The Public Provident Fund (PPF) is a popular long-term investment scheme in India, backed by the government, offering attractive interest rates and tax benefits. It's designed to provide a secure retirement corpus while encouraging savings among citizens.

Life Insurance Premiums

Life insurance premiums are the payments made to an insurance company to keep a life insurance policy active. These payments ensure that the insurance company can provide the agreed-upon financial benefit to the policyholder's beneficiaries in the event of the policyholder's death. Understanding life insurance premiums is crucial for making informed decisions about financial protection for your loved ones.

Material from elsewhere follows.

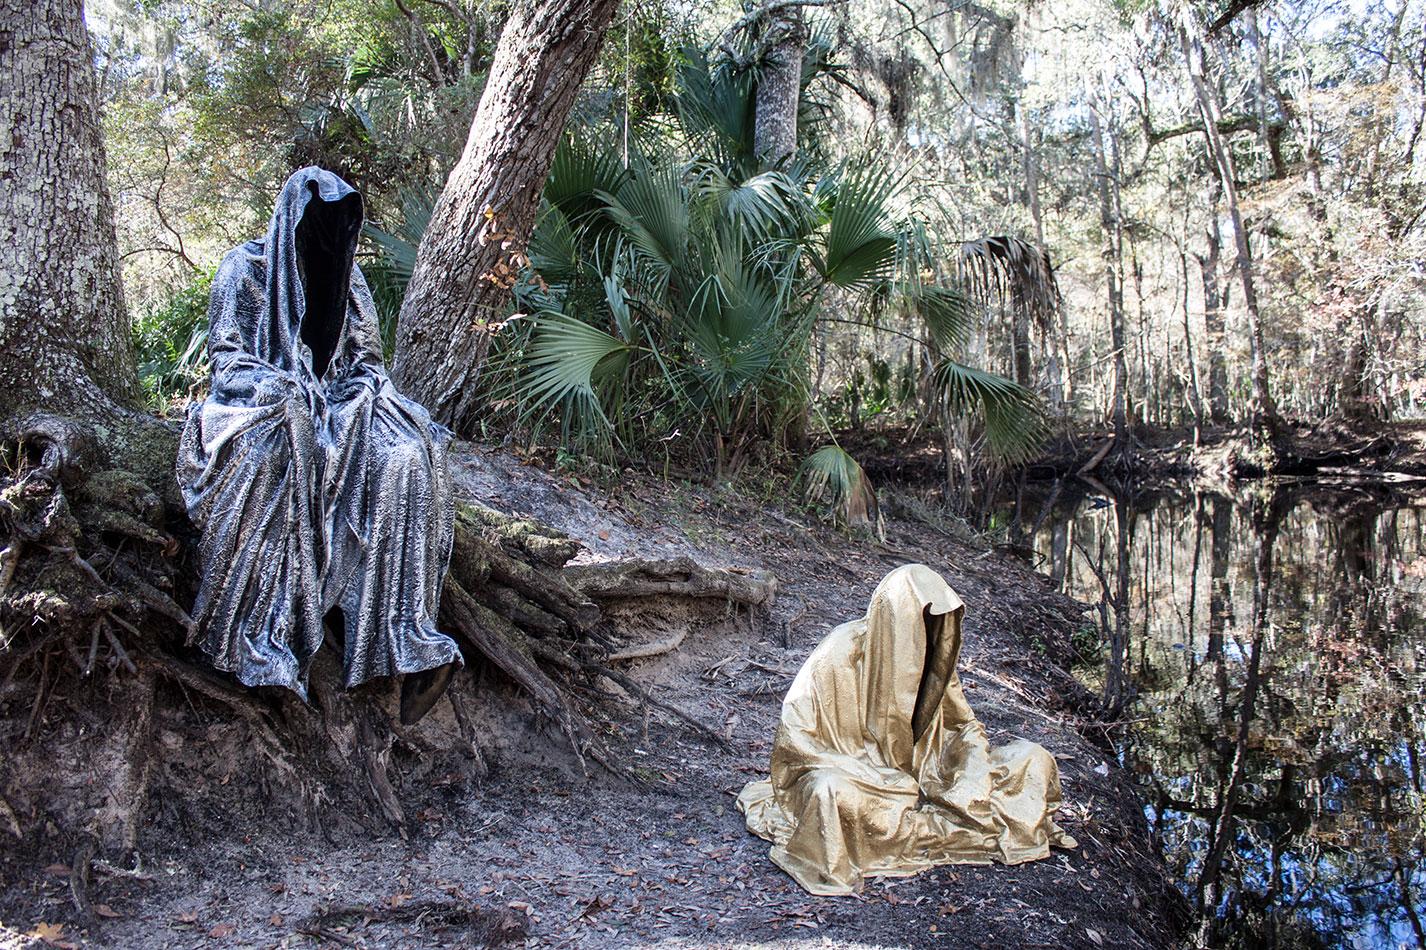 art-basel-miami-beach-fair-usa-florida-guardians-of-time-manfred-kili-kielnhofer-contemporary-fine-art-modern-arts-design-antiques-sculpture-5673

Equity-Linked Savings Scheme (ELSS)

An Equity-Linked Savings Scheme (ELSS) is a type of mutual fund that primarily invests in equity and equity-related instruments. It is known for its dual benefits of tax savings and potential for high returns, making it an attractive investment option for individuals looking to build wealth while reducing their tax liability.

2. Explore Section 80D for Health Insurance Premiums

Under Section 80D, you can claim deductions for health insurance premiums:

  • Self, Spouse, and Children: Up to Rs.25,000.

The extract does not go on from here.